Recovery begins amid lawsuits
While at least some of the lost data has now been recovered, T-Mobile continues to list all Sidekick products as “temporarily out of stock” on its website, and multiple lawsuits have already been filed by users. A report by CNET “Beyond Binary” columnist Ina Fried cited one attorney’s complaint as stating, “T-Mobile and its service providers ought to have been more careful the use of backup technology and policies to prevent such data loss.”
A second attorney pursuing a case against both parties wrote, “T-Mobile and Microsoft promised to safeguard the most important data their customers possess and then apparently failed to follow even the most basic data protection principles. What they did is unthinkable in this day and age.”
The suit added, “Further complicating the data loss is the fact that Sidekicks, unlike iPhones, BlackBerrys and other smartphones, are not designed to sync locally with a user’s personal computer without additional software and hardware. This means that most users were not able to backup their data locally, but were encouraged and required to rely on Microsoft/Danger.”

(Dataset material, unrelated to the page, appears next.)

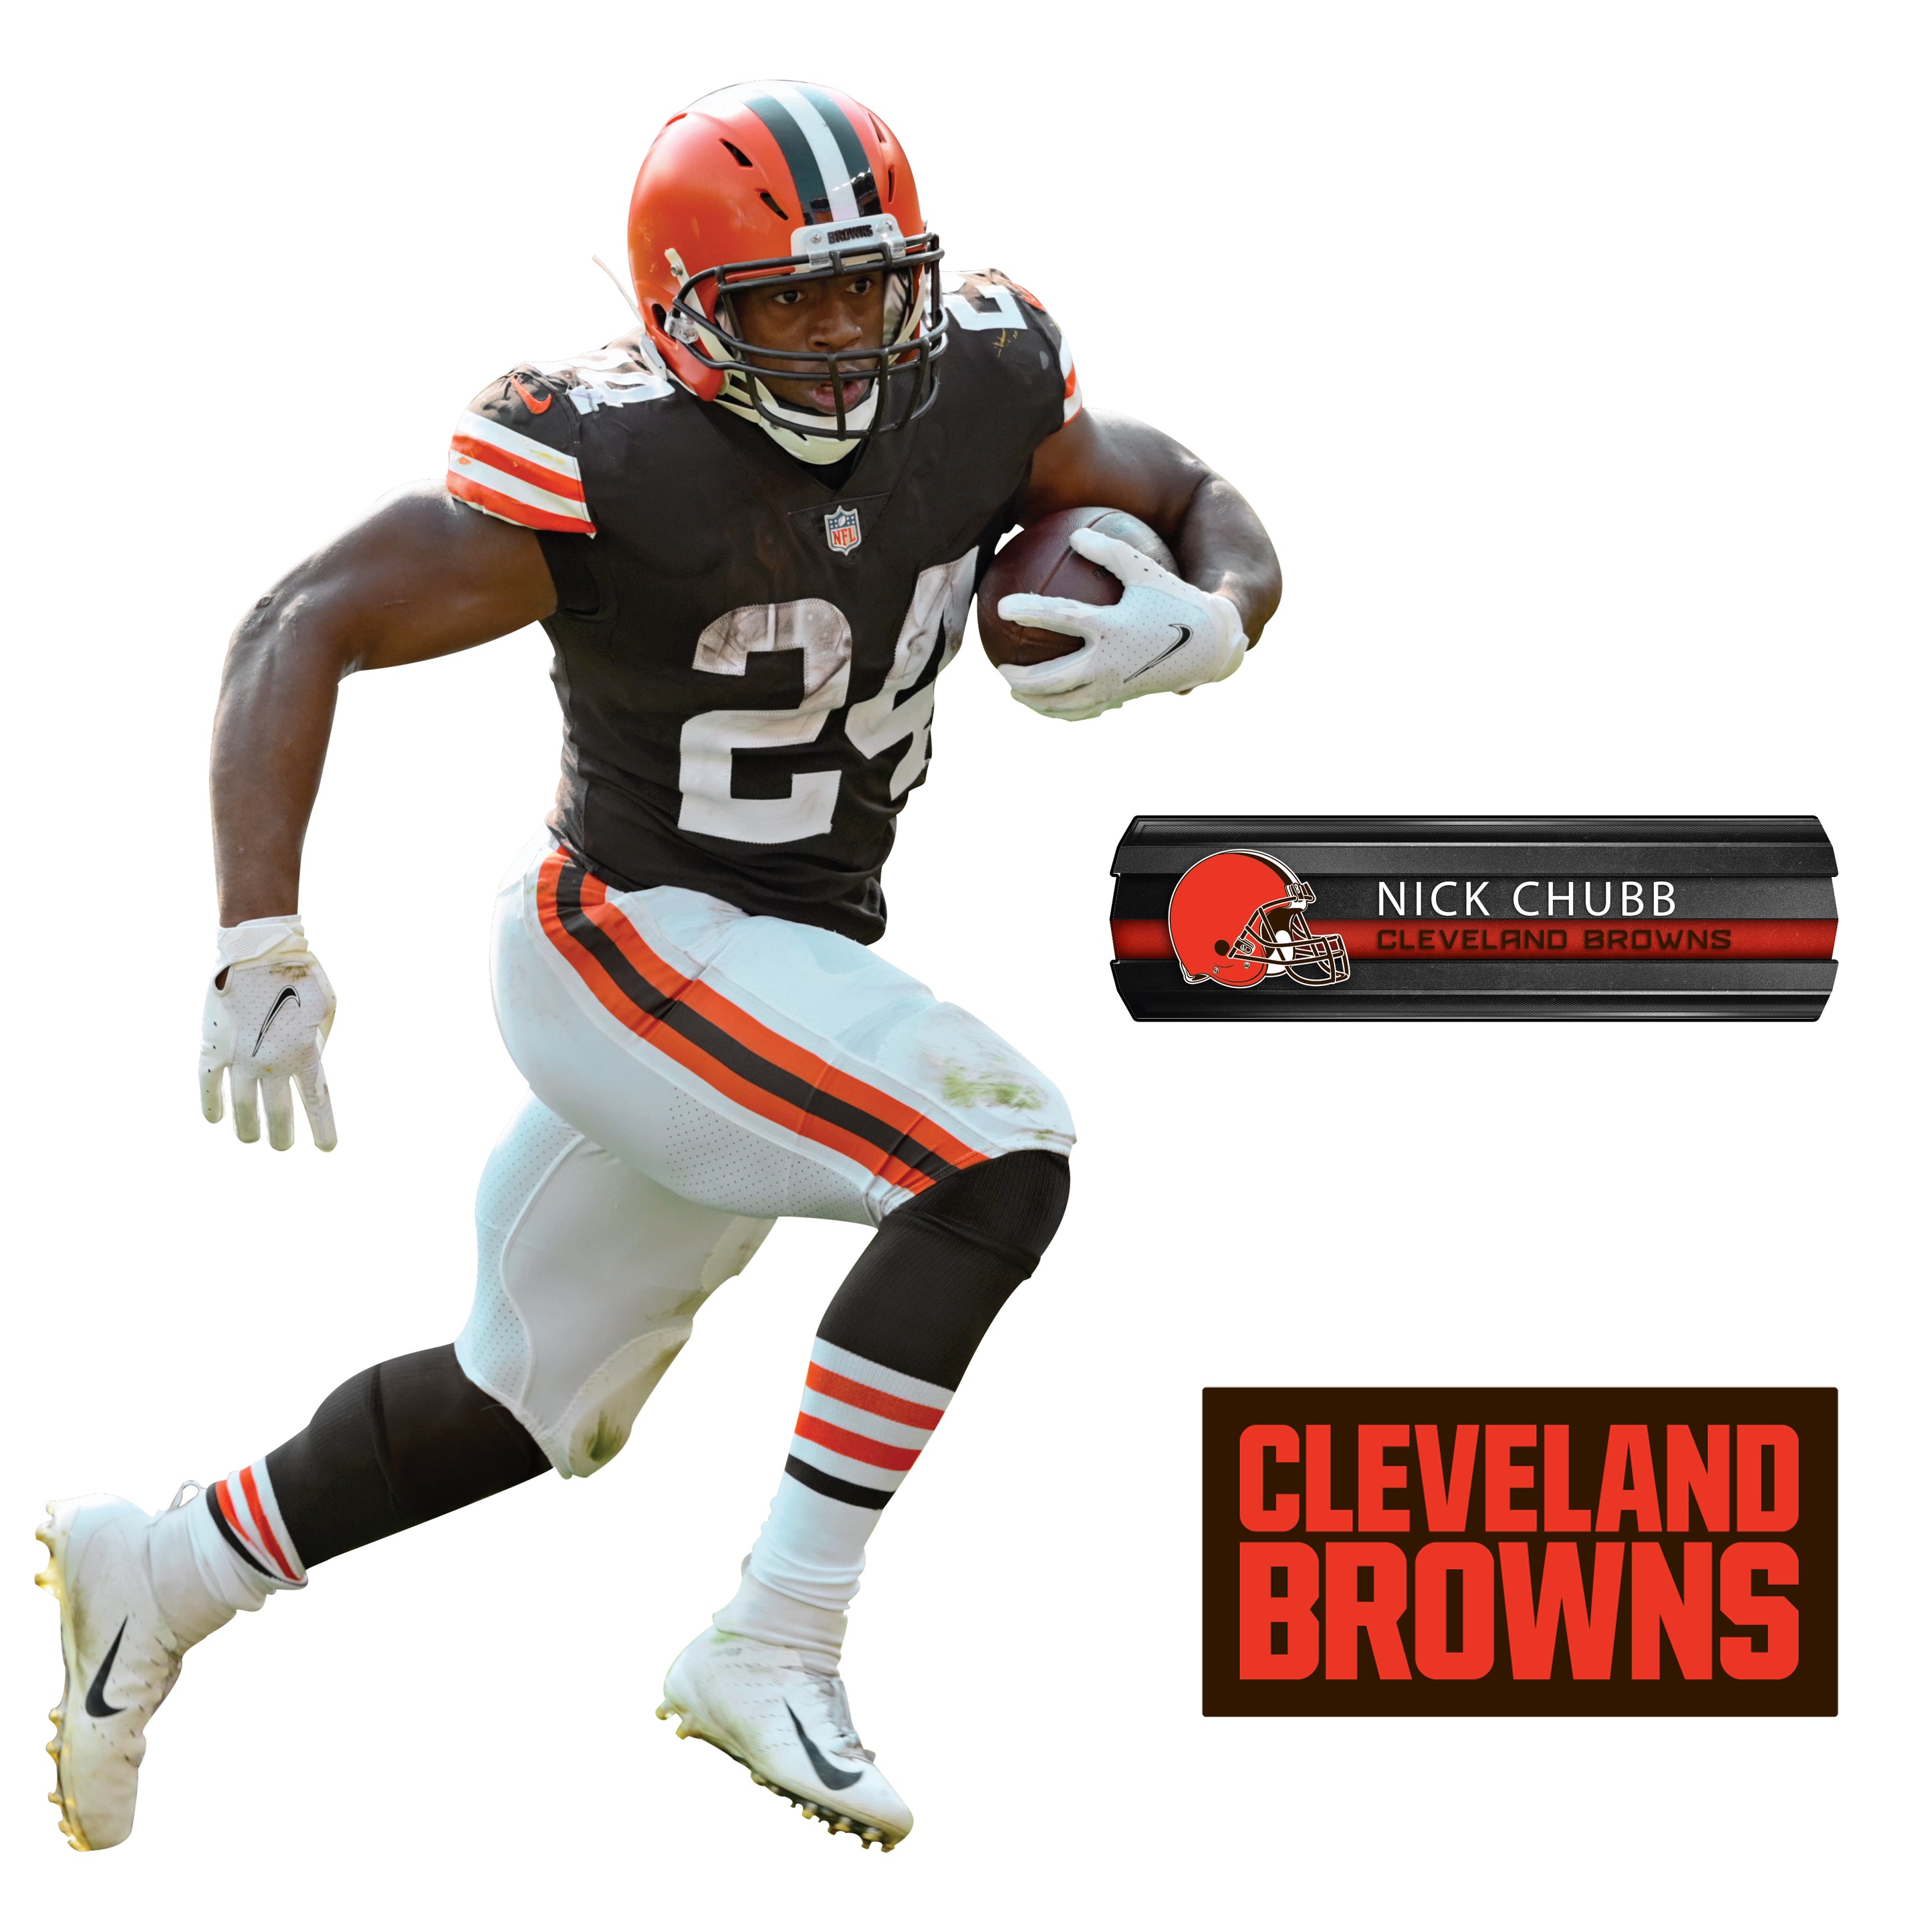 Nick Chubb Officially Licensed Nfl Removable Wall Decal Fathead 
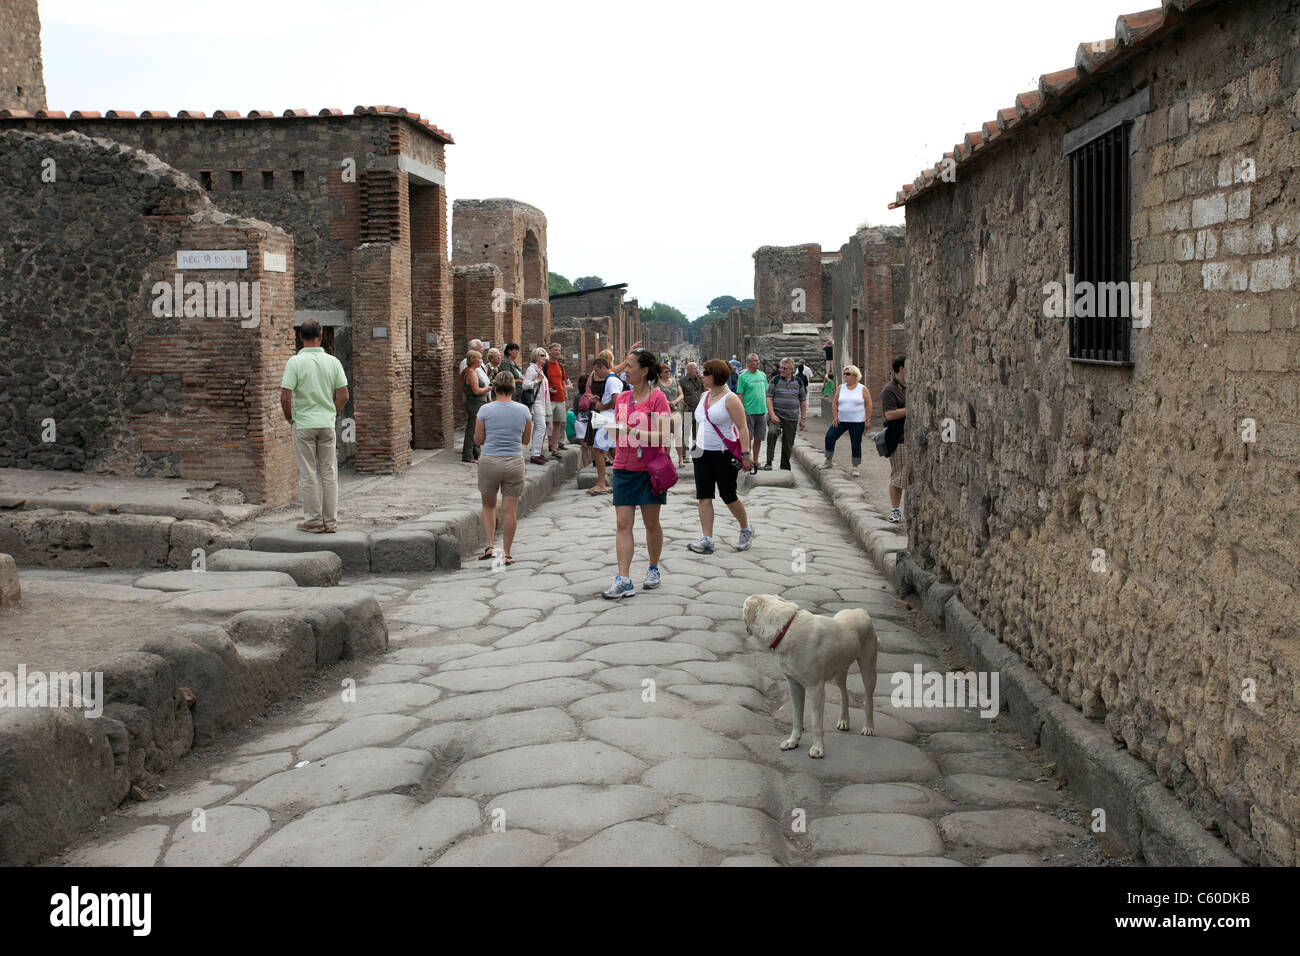 Pompeii Italy ruins of ancient city after the destruction by eruption of Mount Vesuvius volcano.  Tourists exploring with dog. Stock Photo

Last week, T-Mobile volunteered a peace offering to its affected users in the form of a $100 gift card and a month of free data service. However, given the deep pockets behind the event, the company’s million Sidekick subscribers are likely to be looking for a bigger settlement. And while subscribers don’t have an iron-clad contract specifying specific damages in compensation for any service outages on T-Mobile’s part, the mobile provider does have an explicit contract with Microsoft’s Danger subsidiary.
Writing for Mobile Crunch, Greg Kumparak reported that T-Mobile’s SLA (service level agreement) with Danger is believed to specify penalties that amount to around 87 cents per day, per user, anytime availability dipped below 99.5% (that’s less than two days per year of unscheduled downtime, 3.6 hours of downtime within a month, or 50 minutes of downtime in a week).
For T-Mobile’s million Sidekick users, that could add up to $870,000 per day over weeks of service outage, even without including any substantial additional penalties for dropping down through multiple availability ceilings in the extended problems Microsoft faced, the lost business T-Mobile experienced after suspending its Sidekick sales, and the damage it suffered to its reputation as a service provider.
Microsoft has advertised “five nines” availability for its own servers, which means 99.999% uptime, a standard that only allows for 5.26 minutes of unscheduled downtime within a year. Providing such “high availability” requires multiple redundant servers and highly resilient shared storage systems, and of course, appropriate backups.